Inconsistent fits/runtimes

Hi all,

I’m working with rstan, trying to fit a power law model as well as a power law model with an additional linear term (code for each model below), and I have several different data sets to fit to.

About 3/4 of the time, the fits are very quick (tens of seconds) and match the data well. However, some fits are obviously not converging to the data at all and hence giving unhelpful parameter values; and some fits are running for vastly longer than others (one stayed on the same set of 100 iterations for three hours before I gave up).

I’m calling stan_model() for each of the two models below, and then iterating through the data sets calling sampling() for each.
Since I’m just trying to get things working reliably at the moment, I’m only using 1000 iterations for each fit. The long runtimes seem to become more frequent the more chains I try to use.
I’ve also increased the max_treedepth to 15 because I was getting some warnings about the maximum treedepth being exceeded.

The pairs plots seem to show a pretty strong correlation between the parameters a and k, but I don’t know if that should be a red flag.

Is there anything I’m obviously doing wrong?

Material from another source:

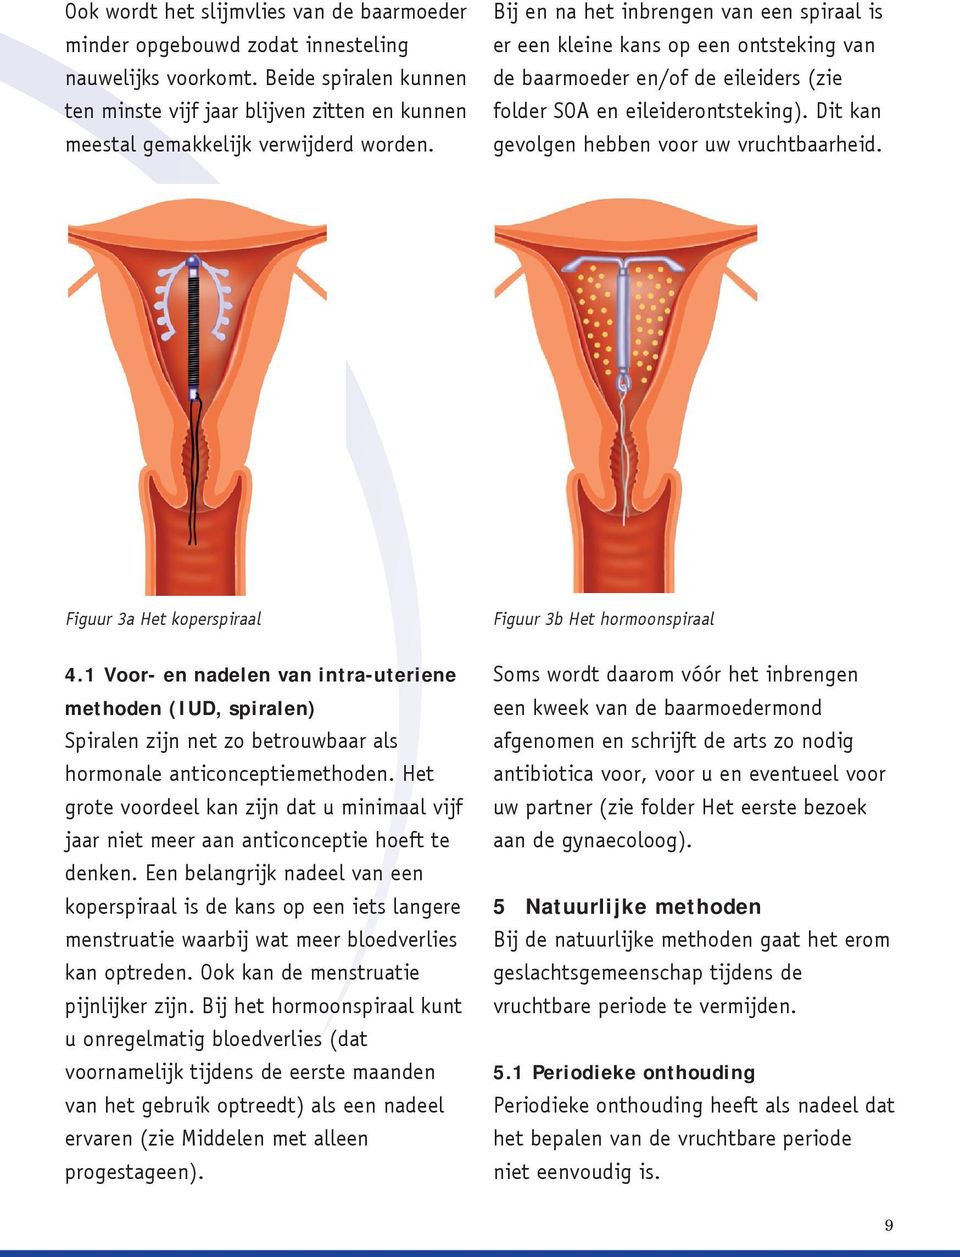 Bij en na het inbrengen van een spiraal is er een kleine kans op een ontsteking van de baarmoeder en/of de eileiders (zie folder SOA en eileiderontsteking).

Are there methods I can use to help nail down what’s causing the inconsistency?

Thanks,
Fane

Current priors (normal distribution):

a_dist <- c(mean = 4, sd = 5)
b_dist<- c(mean = 0.04, sd = 0.02)
k_dist <- c(mean = 0.4, sd = 0.2)
sigma_dist <- c(mean = 0.1, sd = 0.05)

Power law model:

data{
  int n;          // number of observations
  vector[n] x;    // x data
  vector[n] y;    // y data
  vector[2] a_dist;   // mean, stdev for prior of a
  vector[2] k_dist;   // mean, stdev for prior of k
  vector[2] sigma_dist; // mean, stdev for prior of sigma
}

parameters{
  real a;
  real<lower=0> k;
  real<lower=0> sigma;
}

model{
  real mu;
  a ~ normal(a_dist[1], a_dist[2]);
  k ~ normal(k_dist[1], k_dist[2]);
  sigma ~ normal(sigma_dist[1], sigma_dist[2]);
  for (i in 1:n) {
    mu = a * x[i] ^ k;
    y[i] ~ normal(mu, sigma);
  }
}

Power law + linear term model:

data{
  int n;          // number of observations
  vector[n] x;    // x data
  vector[n] y;    // y data
  vector[2] a_dist;   // mean, stdev for prior of a
  vector[2] b_dist;   // mean, stdev for prior of b
  vector[2] k_dist;   // mean, stdev for prior of k
  vector[2] sigma_dist; // mean, stdev for prior of sigma
}

parameters{
  real a;
  real b;
  real<lower=0> k;
  real<lower=0> sigma;
}

model{
  real mu;
  a ~ normal(a_dist[1], a_dist[2]);
  b ~ normal(b_dist[1], b_dist[2]);
  k ~ normal(k_dist[1], k_dist[2]);
  sigma ~ normal(sigma_dist[1], sigma_dist[2]);
  for (i in 1:n) {
    mu = a * x[i] ^ k + b * x[i];
    y[i] ~ normal(mu, sigma);
  }
}

Well, it would be faster to write the model block like

vector[n] mu;
for (i in 1:n) mu[i] = a * x[i] ^ k + b * x[i];
y ~ normal(mu, sigma);
...

but the long / inconsistent runtimes plus the warnings indicate that the fundamental problem is that the posterior is a difficult one to sample from.

Thanks for the feedback. I did change that part of the code, and it definitely helped with speed.

I think I’ve managed to solve the problem - I noticed in the pairs plots that for some of the fits, all the interactions were forming two distinct groups. Then I noticed that the divergent fits all had unhelpful values for one of the parameters (k) but not the others, so I imposed a hard upper limit on the value of k (I’m sure this is bad practice, but … it worked).

After doing this the runtimes and fits were all as expected.

Power law distributions are notoriously weakly-identified and principled priors are a must for robust fitting. Hard cut offs introduce problems in their own right and in general I strongly recommend soft “containment” priors, like a half-normal with sigma = your_current_cutoff / 2.